§ **What is required**
Somewhere below, one line contains "If you are looking" and a later line contains "Trailer of Marathi". Output those two lines and everything between them exactly, and nothing else.

[[ Study material open ]]

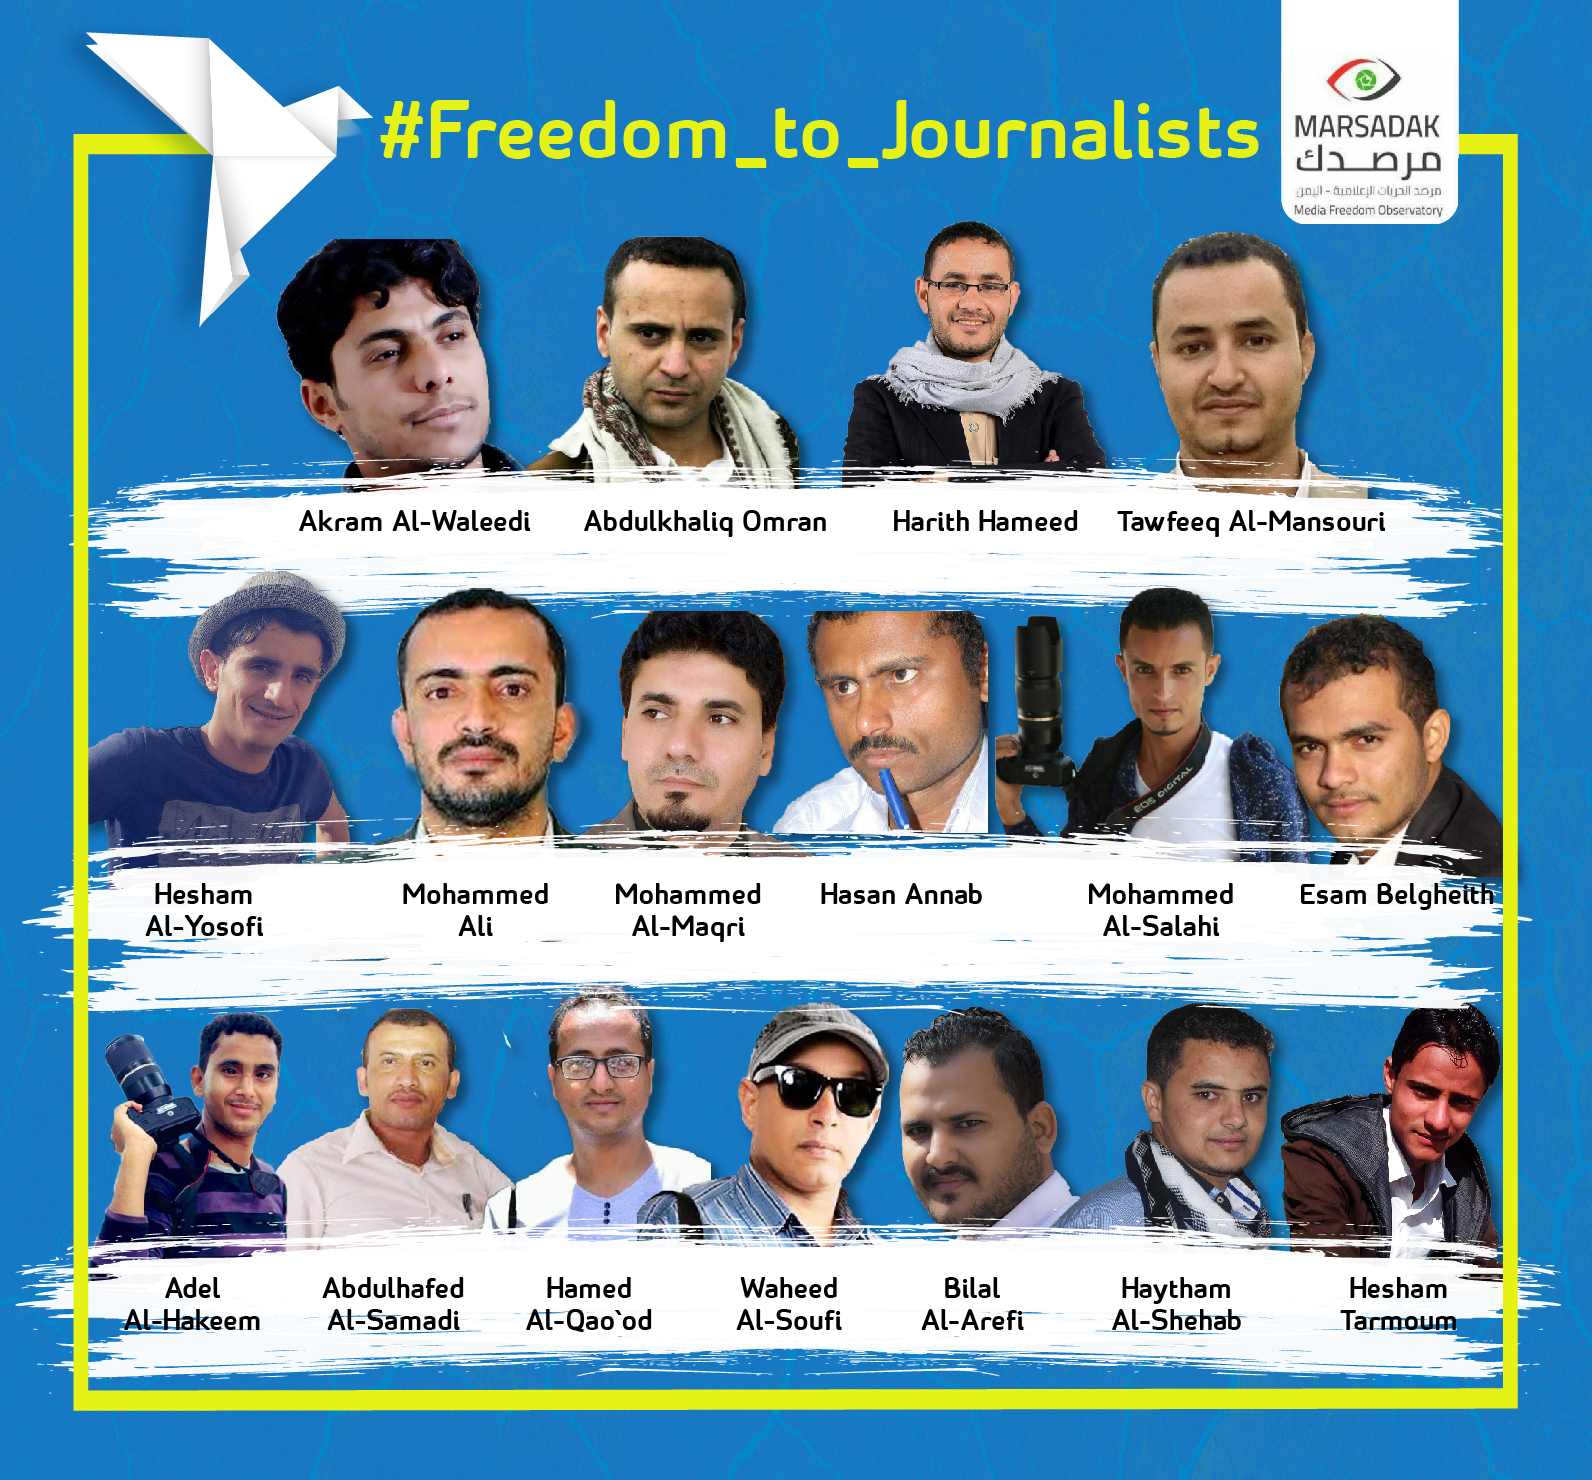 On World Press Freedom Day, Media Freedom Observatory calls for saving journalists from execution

[[ Study material closed ]]
[[ Study material open ]]

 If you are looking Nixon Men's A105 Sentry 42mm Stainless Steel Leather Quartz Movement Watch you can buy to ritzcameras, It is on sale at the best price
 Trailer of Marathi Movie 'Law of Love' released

[[ Study material closed ]]
[[ Study material open ]]

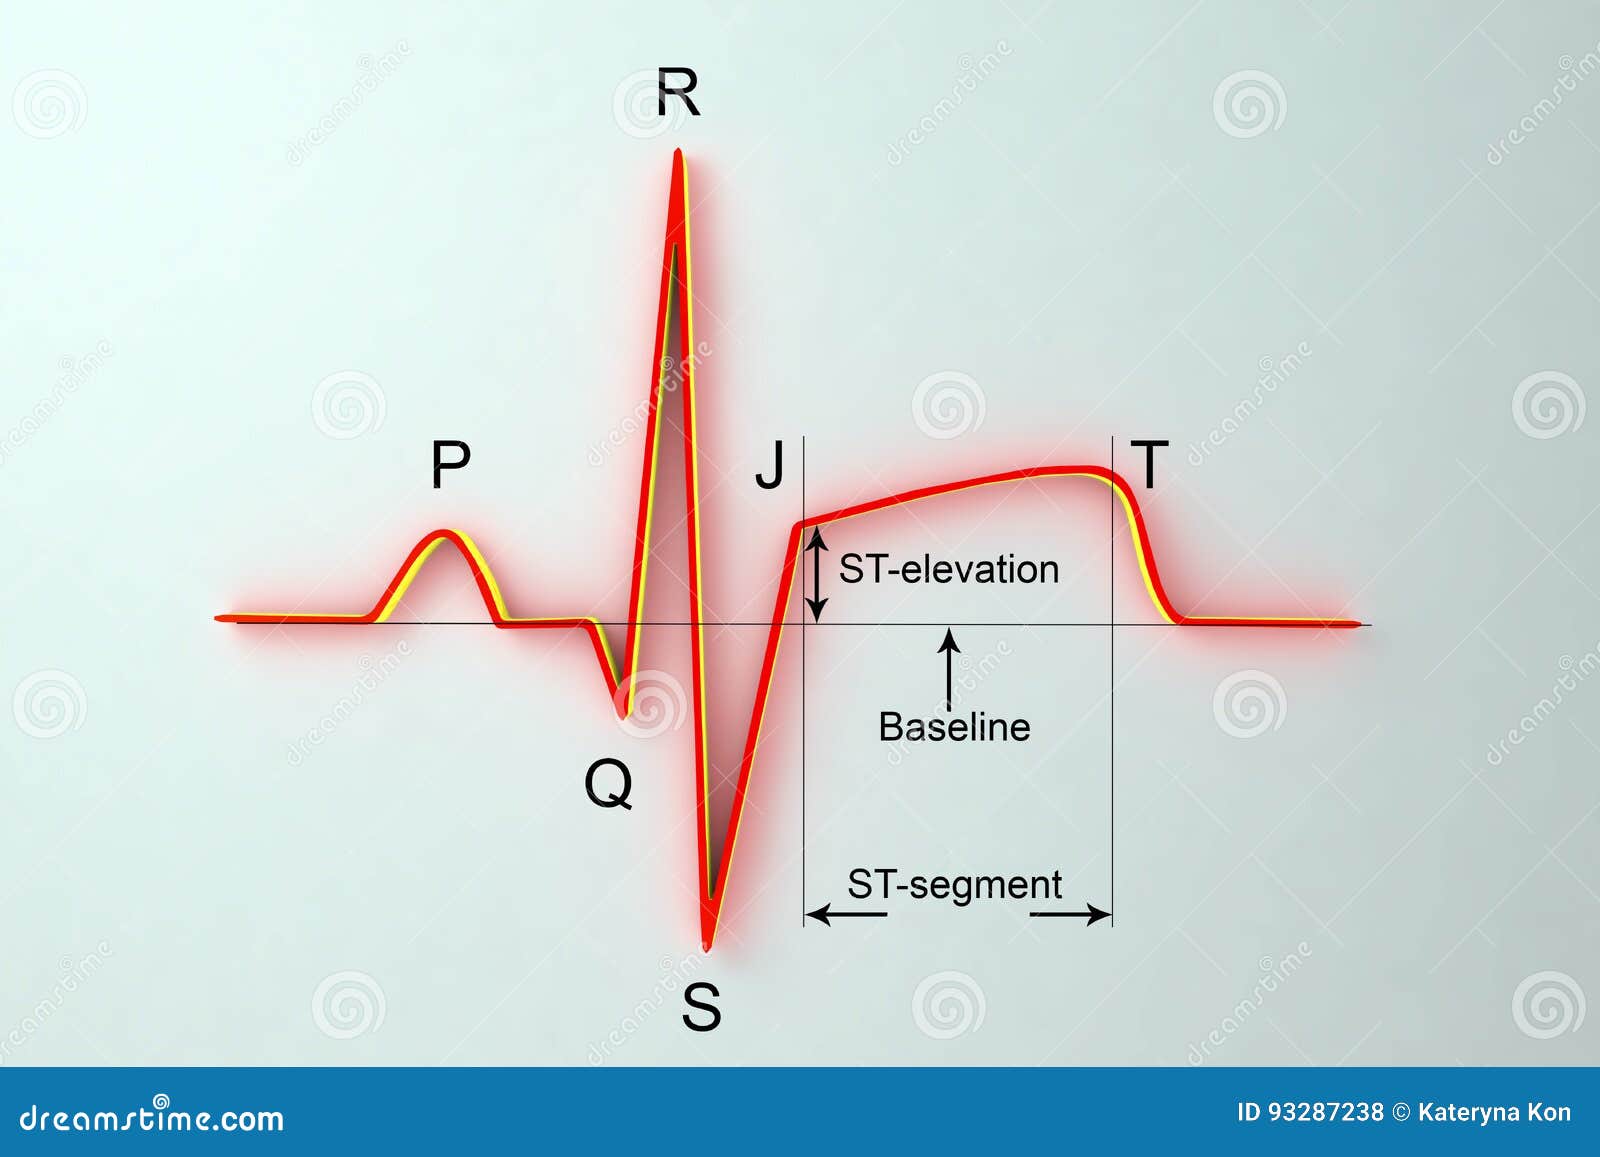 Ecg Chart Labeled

[[ Study material closed ]]

§ **Answer box**
 If you are looking Nixon Men's A105 Sentry 42mm Stainless Steel Leather Quartz Movement Watch you can buy to ritzcameras, It is on sale at the best price
 Trailer of Marathi Movie 'Law of Love' released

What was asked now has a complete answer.